I like a good challenge. Whether it’s something as simple as finishing the daily crossword puzzle or as complicated as figuring out how in the hell to replace a broken pipe, I thrive on most challenges. I always learn something when I take on a challenge, even if I’m not able to meet it fully. Most challenges simply present themselves, as in broken pipes. But my current one is different…I’m challenging myself to see if I can cut my waste to nothing, for one week. Just a week, that’s all. There’s this lady whose blog I read, that writes about her zero waste life- she and her family of four, only create ONE QUART JAR OF WASTE PER YEAR. For three years now. Surely I can go a week!

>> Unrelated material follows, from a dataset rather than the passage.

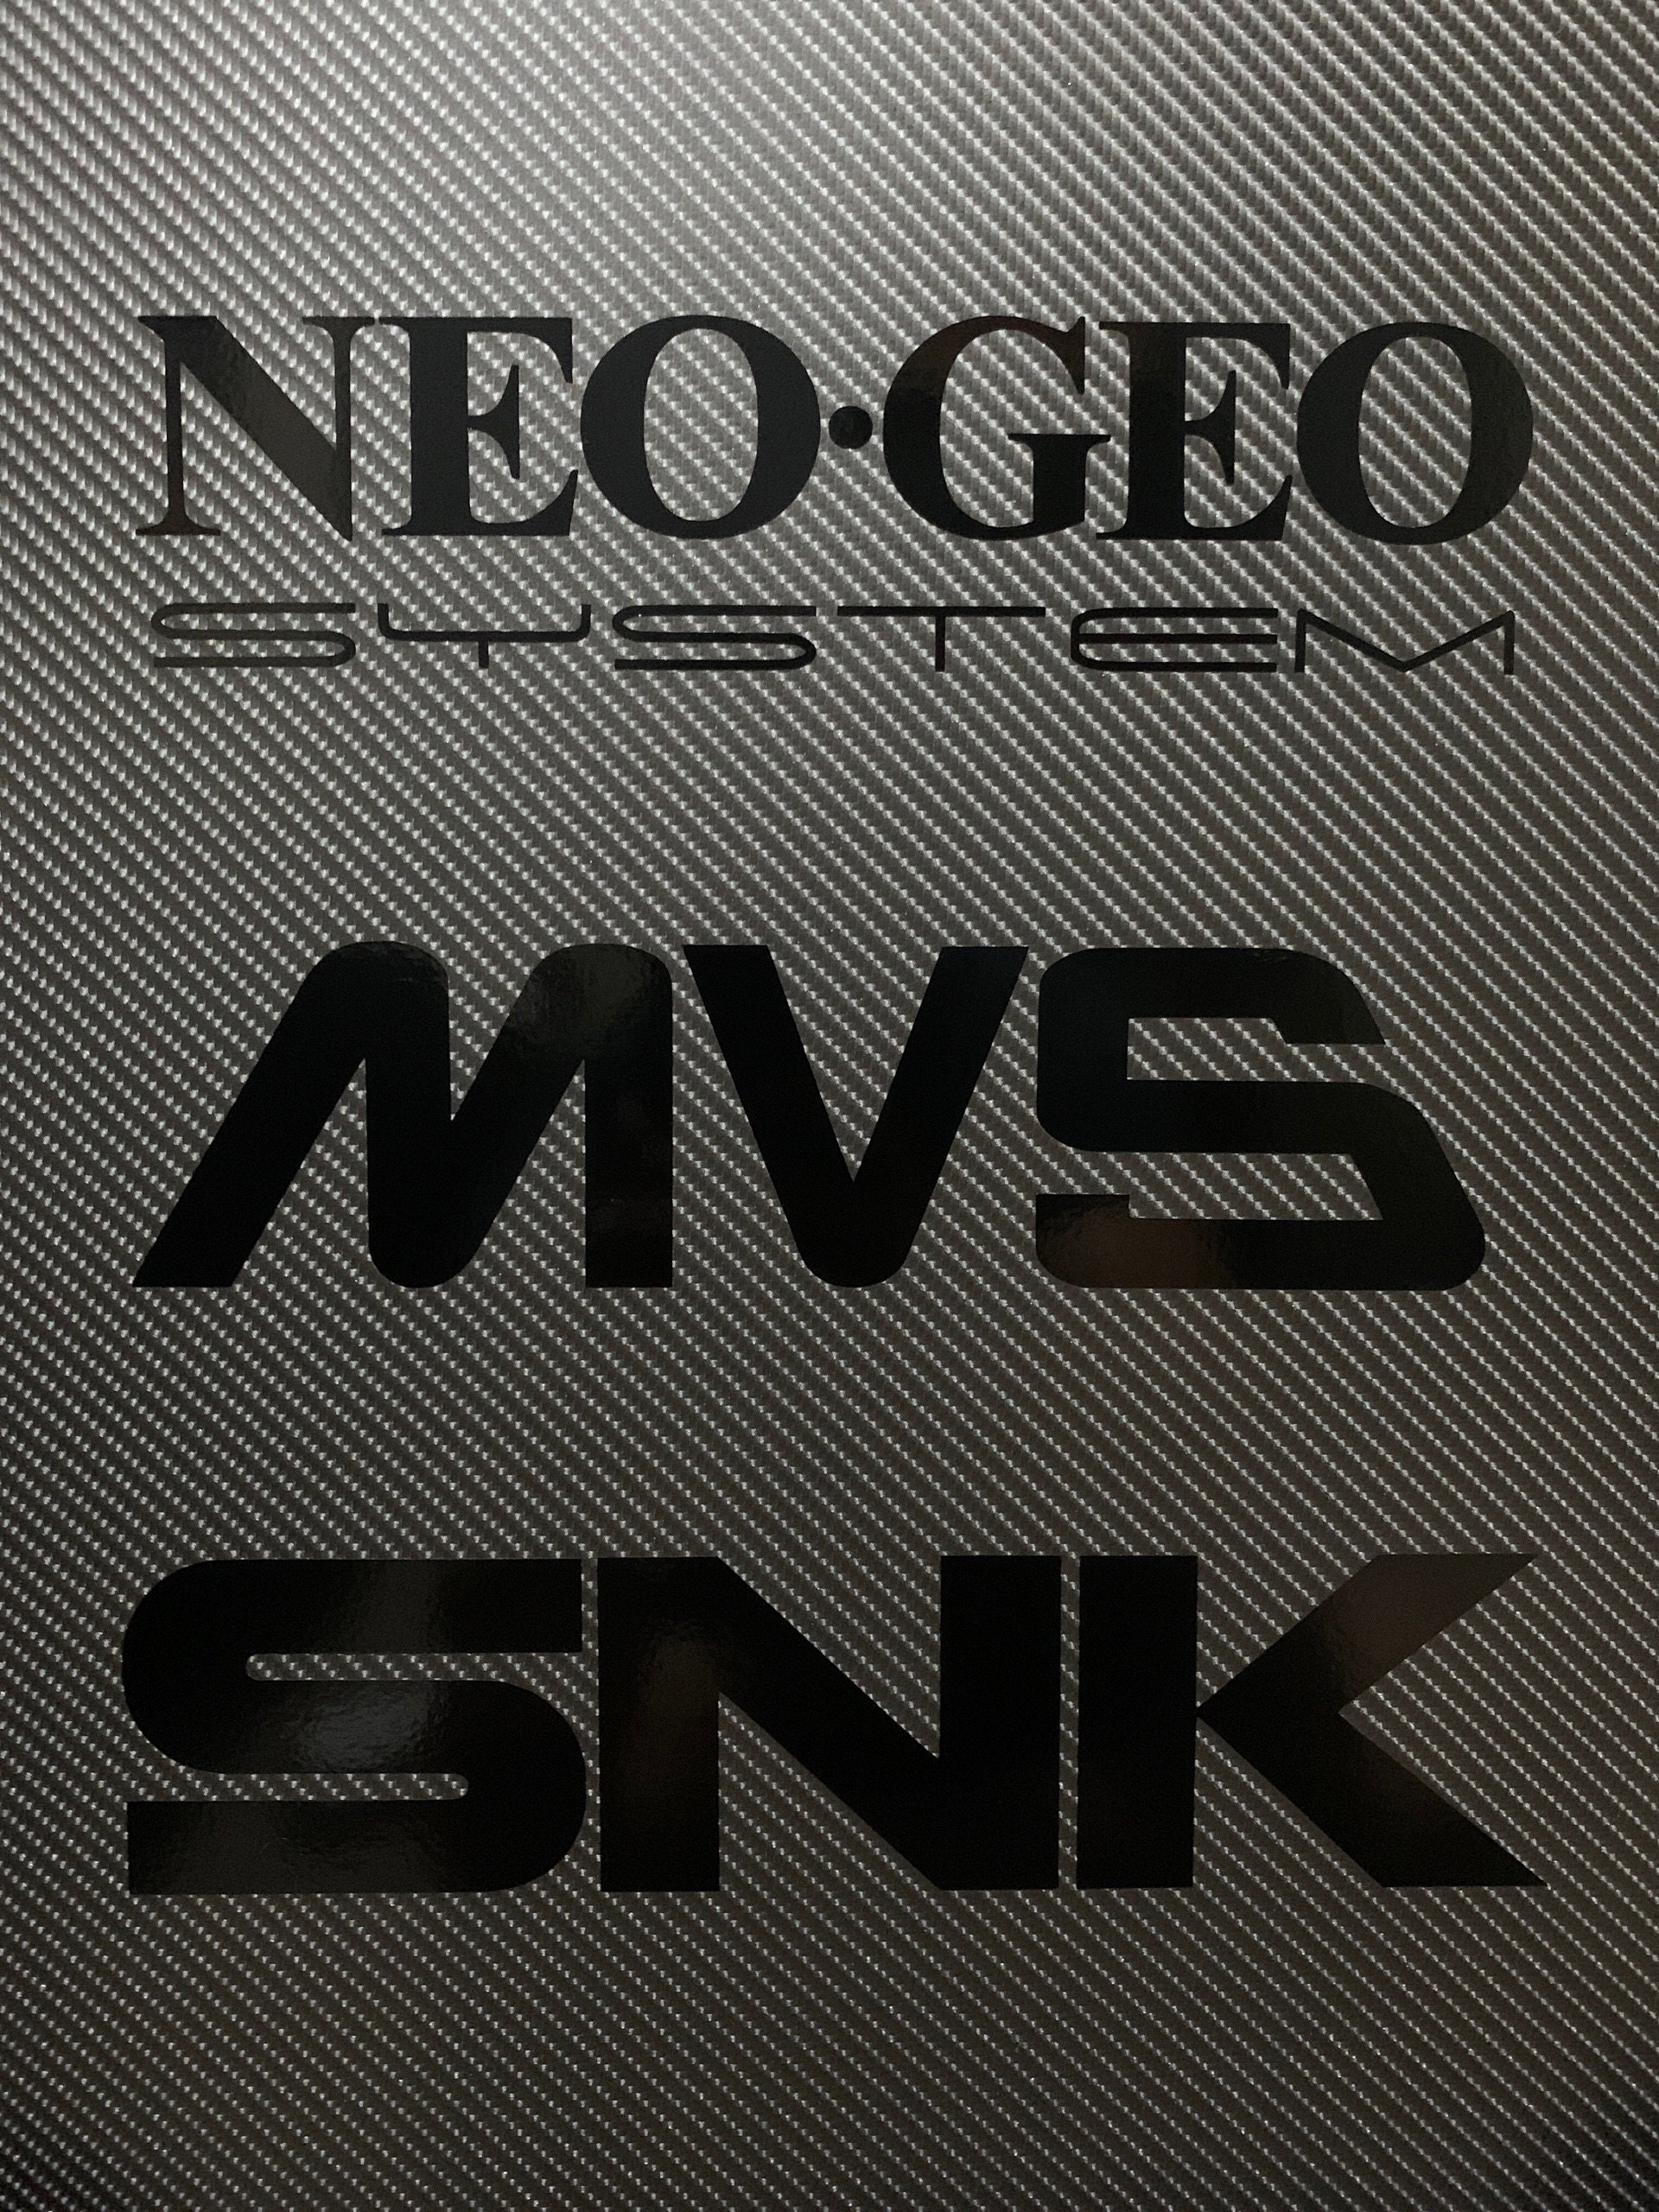 Read description * Arcade style Vinyl Decal Stickers NeoGeo MVS SNK Multi pack

My Zero Waste Week will begin Monday (tomorrow) morning, since that’s the day my garbage is picked up. I chose this week because it’s shaping up to be a busier than usual one, with four meetings, errands to run and appointments to keep. I thought it might be ‘most typical’ of a working woman’s weekly schedule, which makes me pretty sure I won’t be able to go a full week without having something in the garbage can by next Sunday but I’m going to give it my best shot. It may turn out to be the challenge from hell, forcing me to do things radically differently than I do now. My plan is to reduce, reuse, recycle and repurpose everything that presents itself as ‘waste’. I’m really hoping my cat Simon doesn’t kill a rodent this week since I normally wrap his little back-door ‘gifts’ in a plastic bag and throw them in the garbage can. (Maybe I can make a special ‘stew’ instead?) I’ll take pictures (will there BE anything to take pictures of if there’s zero waste?) and post the results next Sunday.